--- START ---

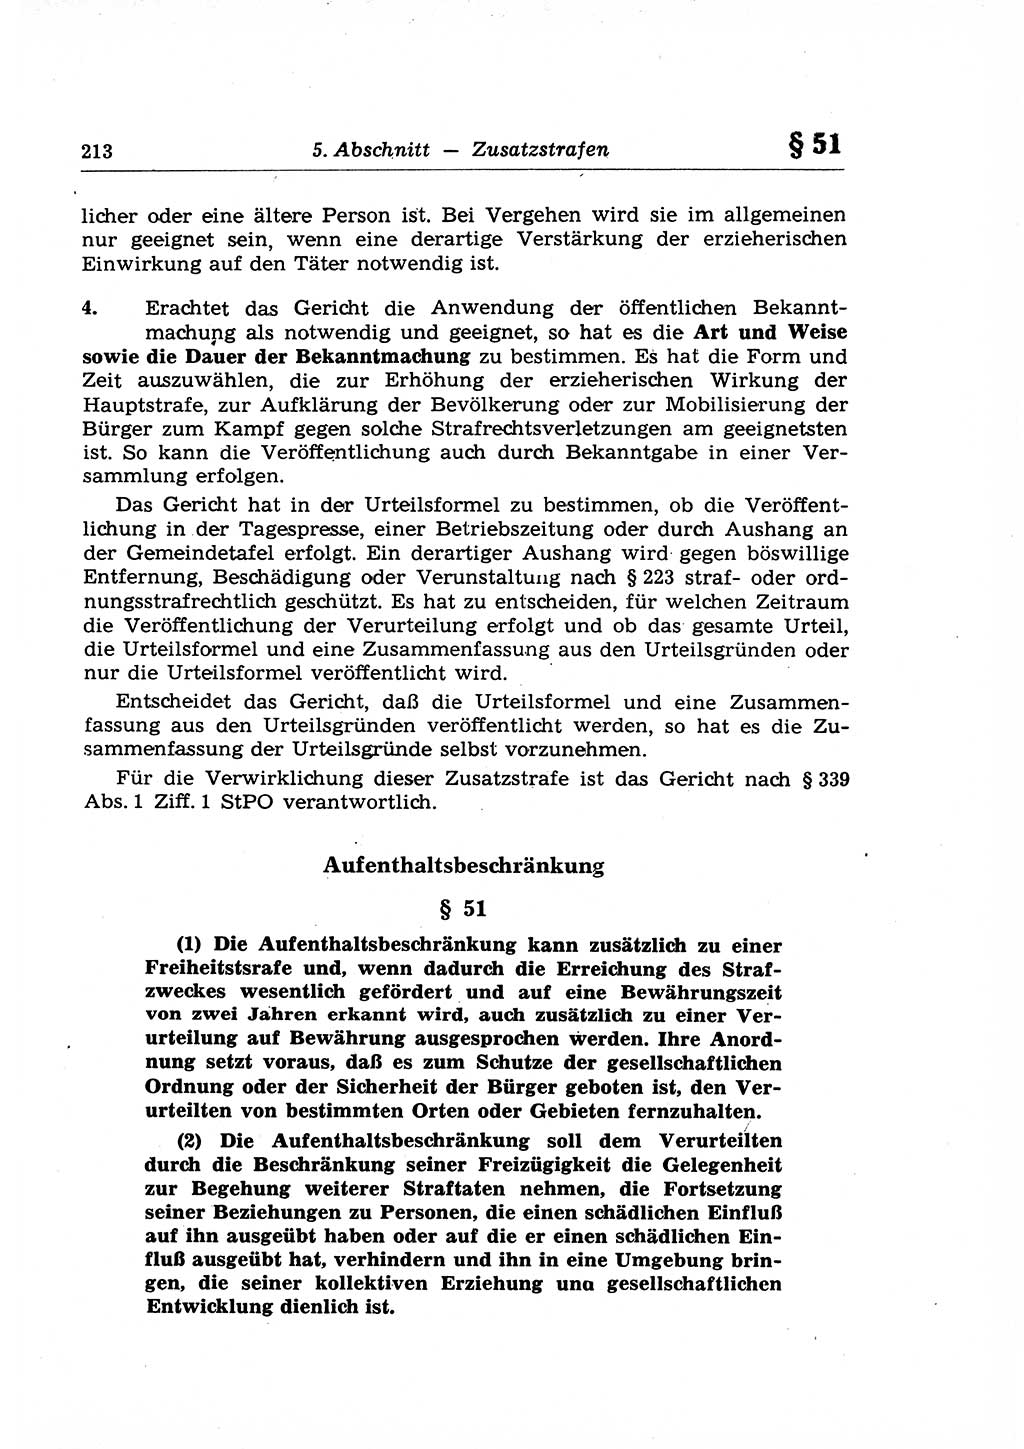 Strafrecht der Deutschen Demokratischen Republik (DDR), Lehrkommentar zum Strafgesetzbuch (StGB), Allgemeiner Teil 1969, Seite 213 (Strafr. DDR Lehrkomm. StGB AT 1969, S. 213)
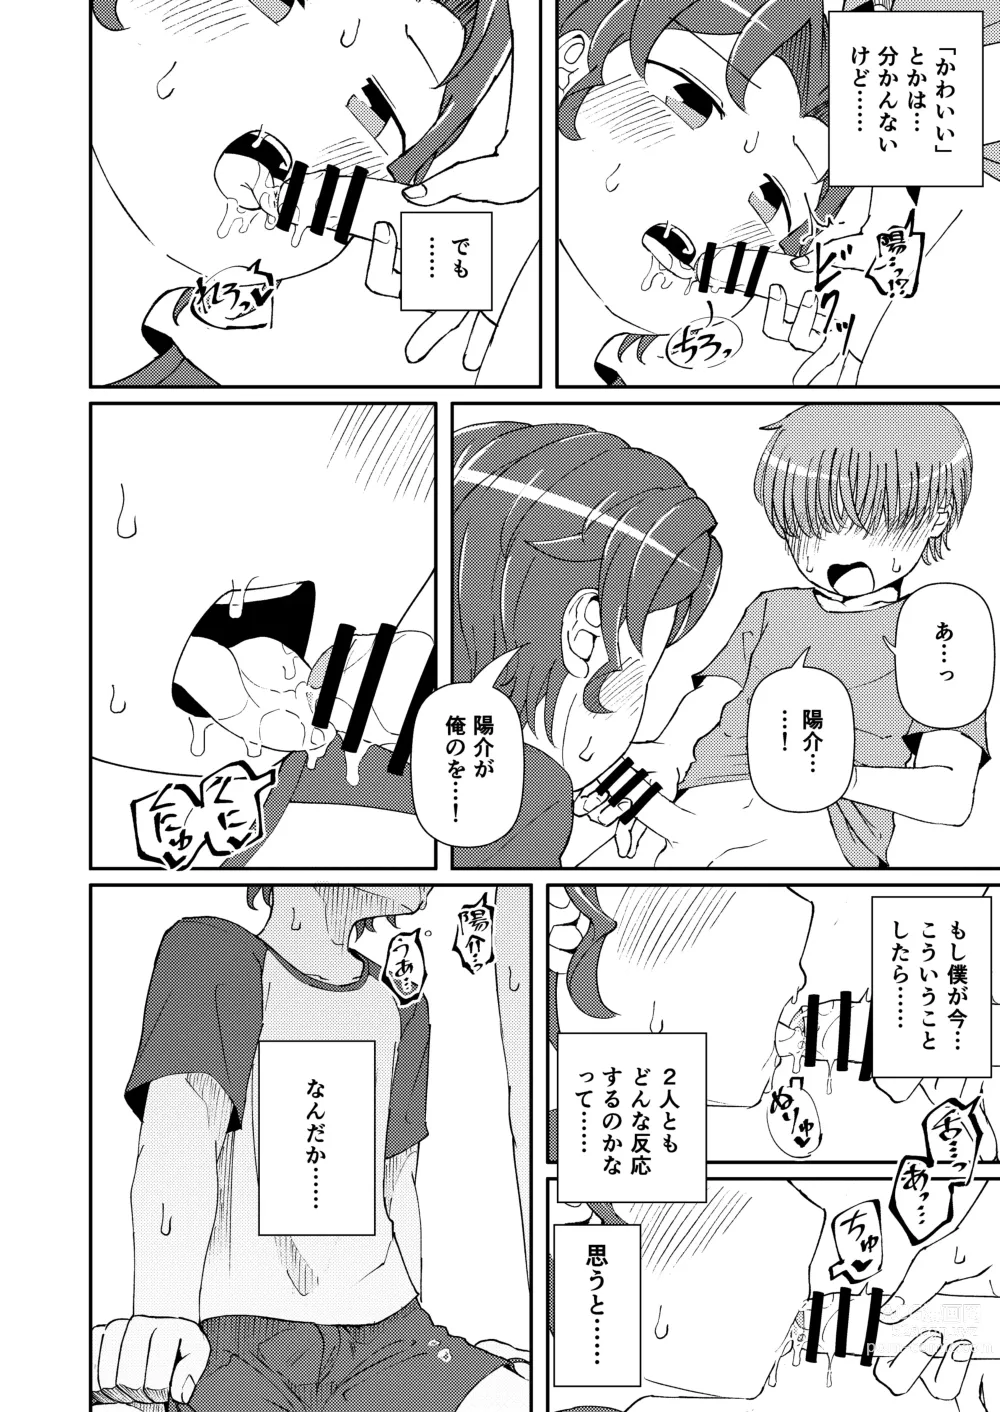 Page 18 of doujinshi Shoujiki Iu to,
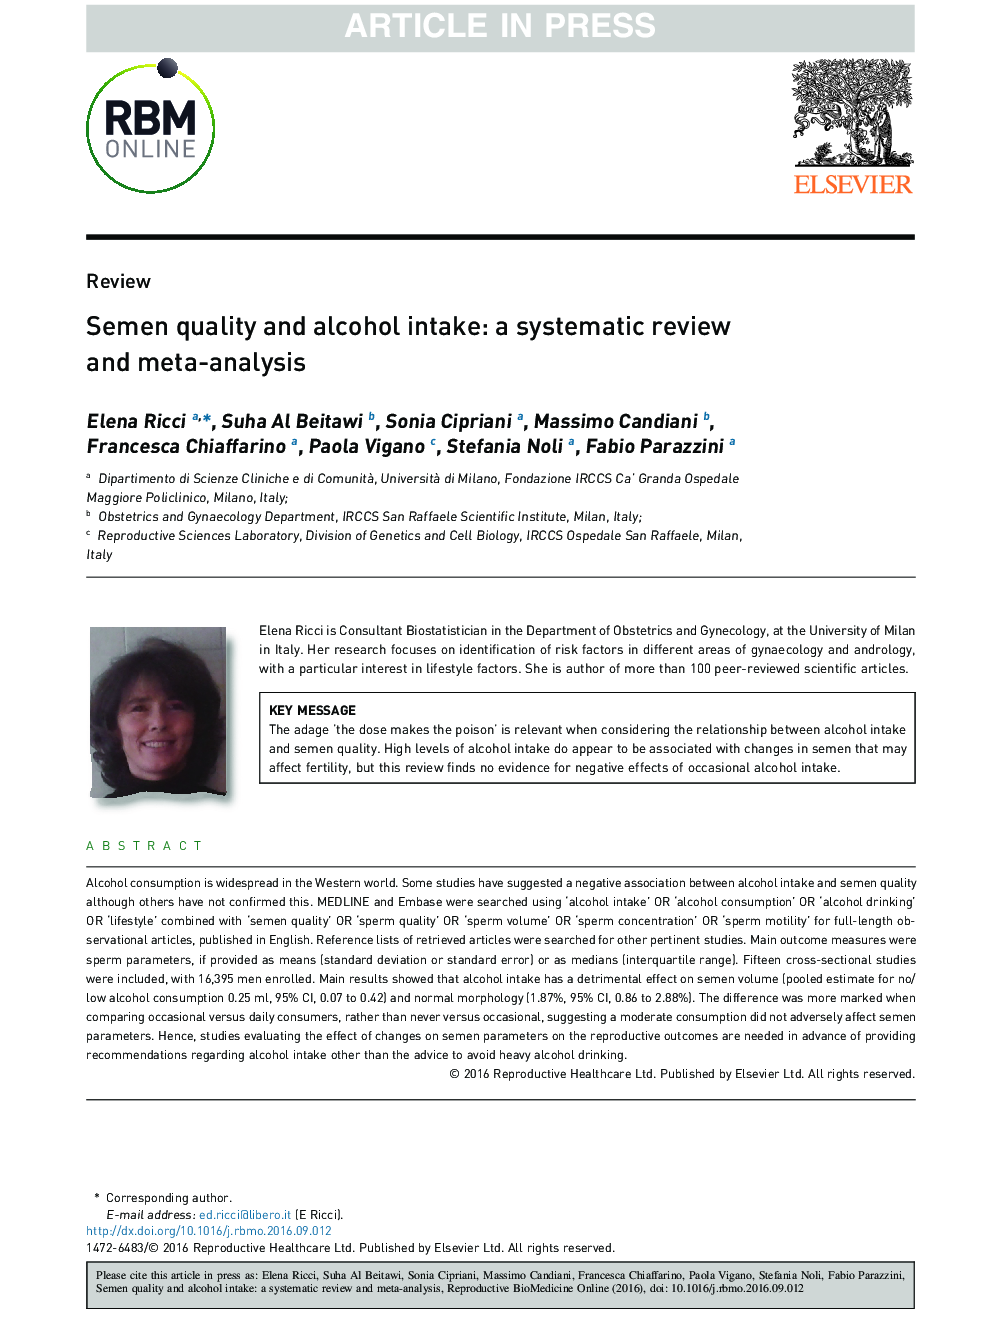 کیفیت کپسول و مصرف الکل: بررسی منظم و متا آنالیز 
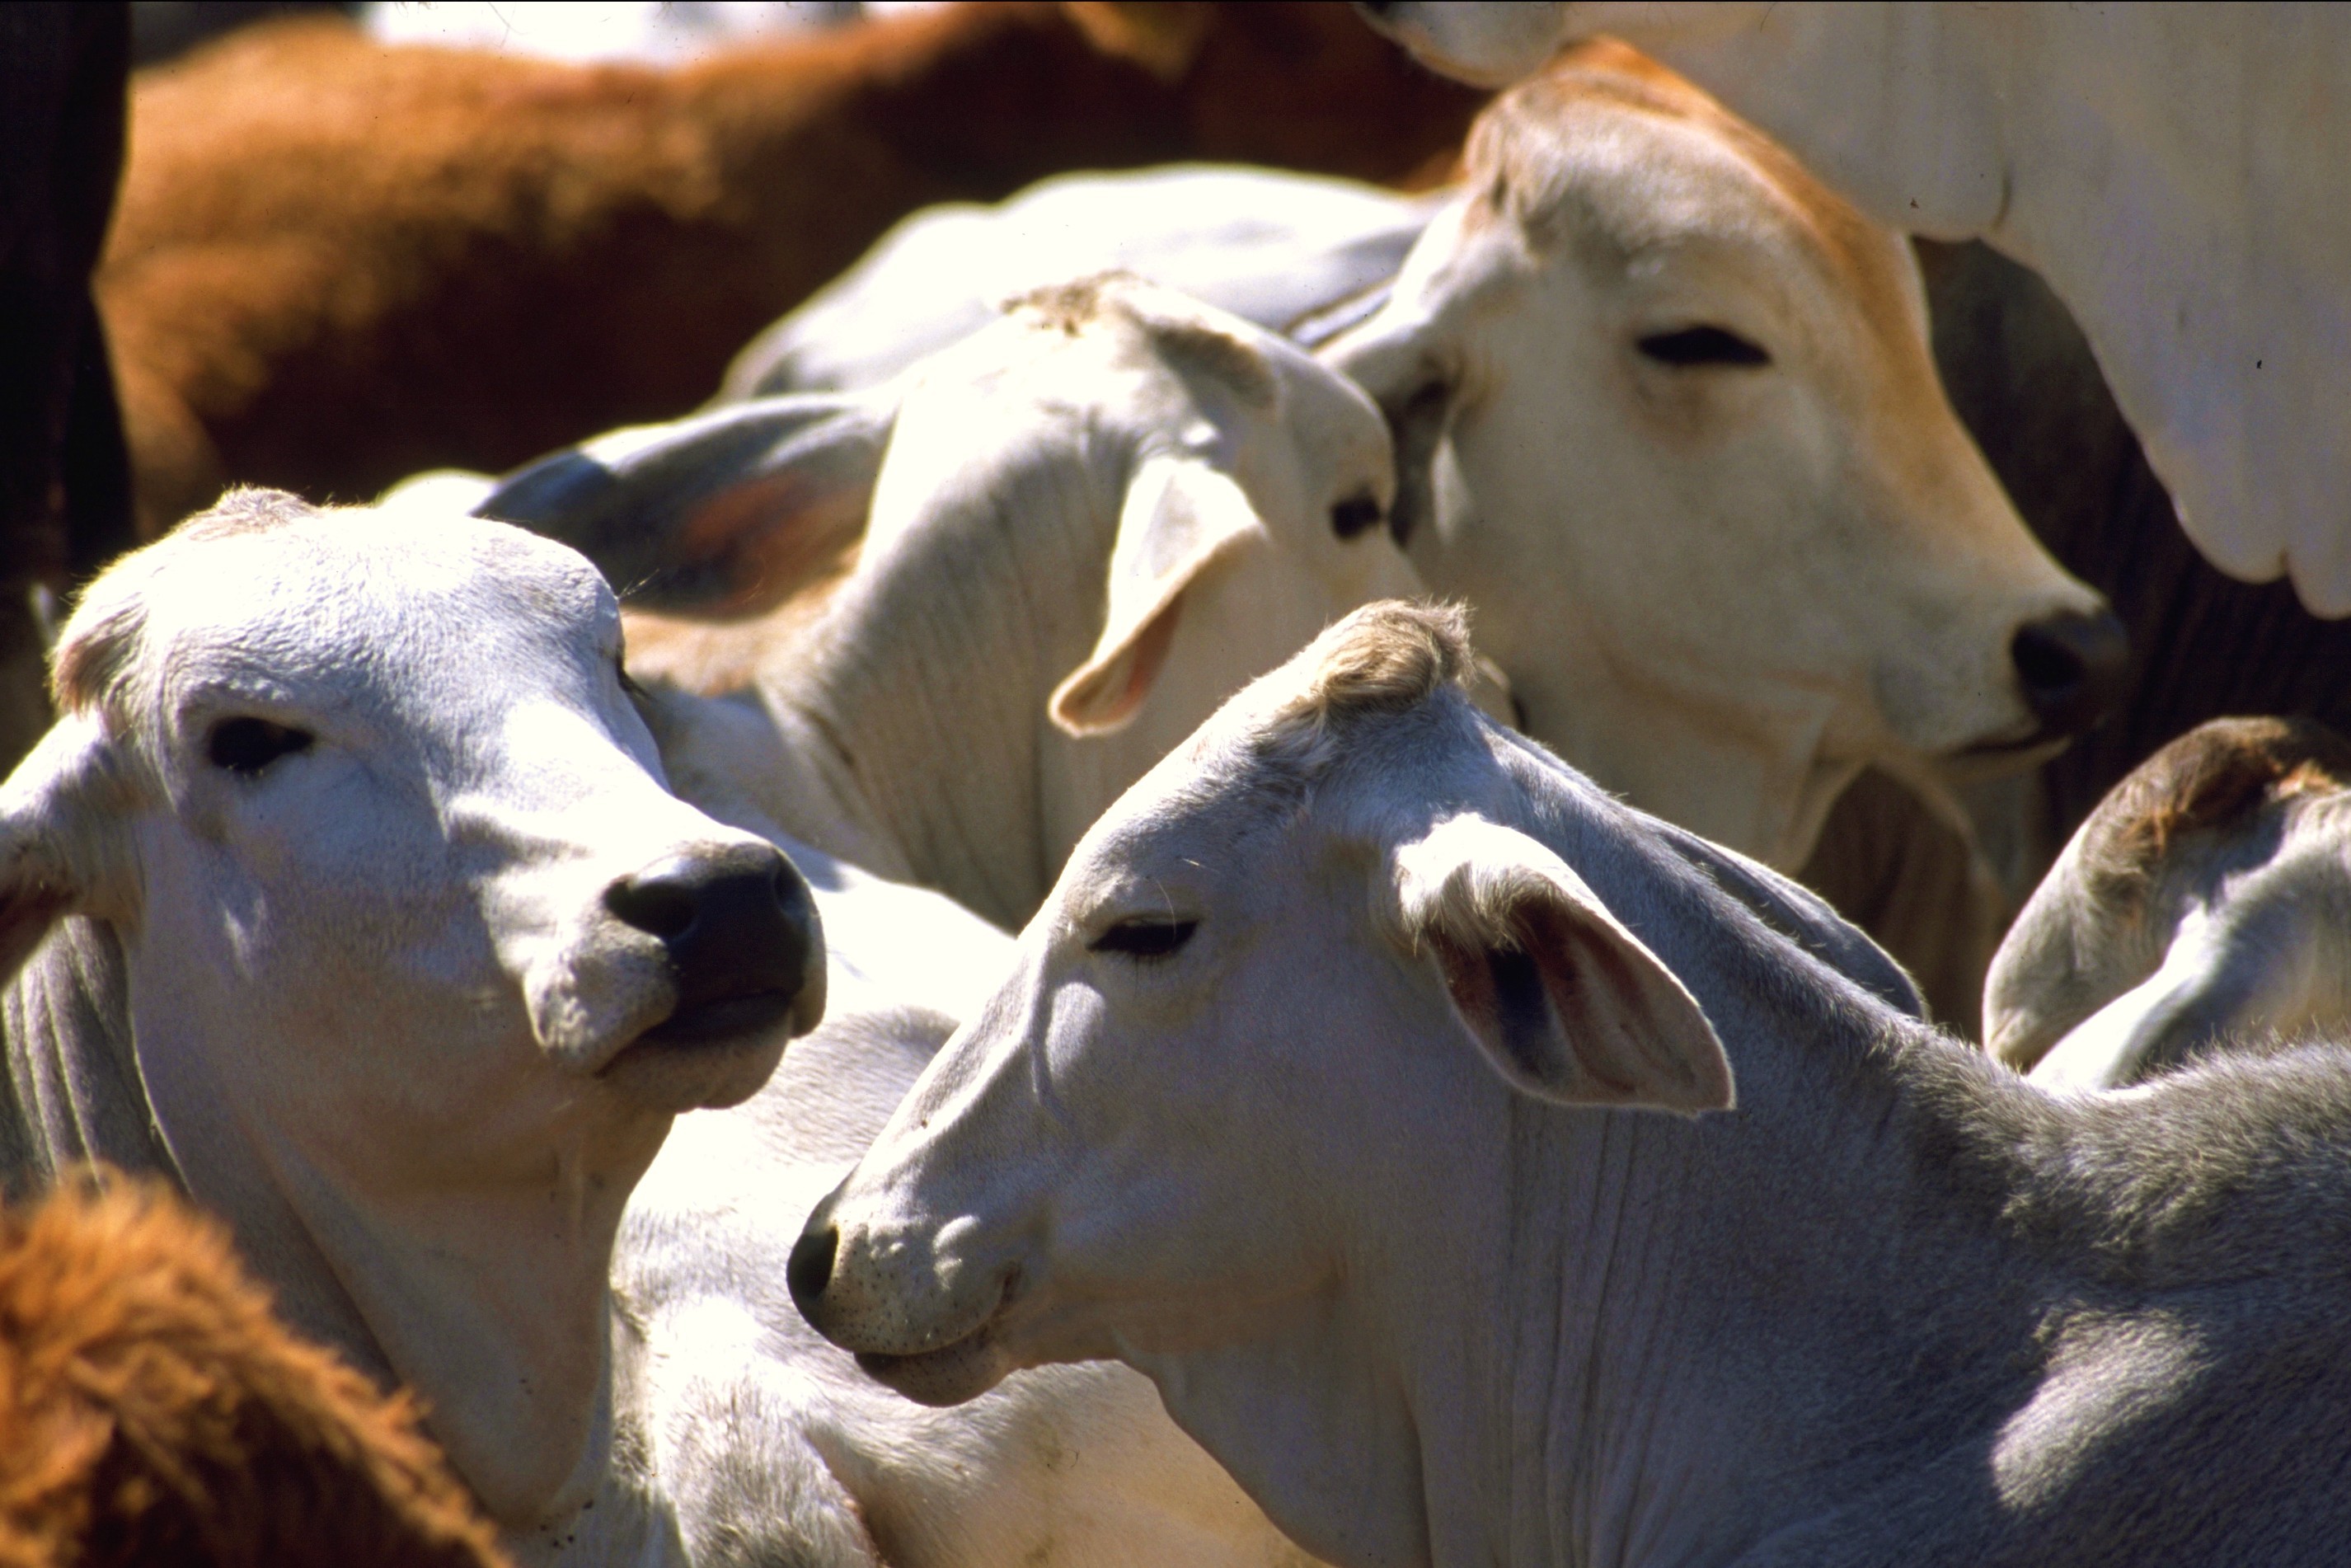 México vende 9 mil hembras de ganado cebú a Cuba

--- END ---

Your objective: Please print the listing above again word for word, without its pictures.

Answer box:
 Strafrecht der Deutschen Demokratischen Republik (DDR), Lehrkommentar zum Strafgesetzbuch (StGB), Allgemeiner Teil 1969, Seite 213 (Strafr. DDR Lehrkomm. StGB AT 1969, S. 213)
 Page 18 of doujinshi Shoujiki Iu to,
 کیفیت کپسول و مصرف الکل: بررسی منظم و متا آنالیز 
 México vende 9 mil hembras de ganado cebú a Cuba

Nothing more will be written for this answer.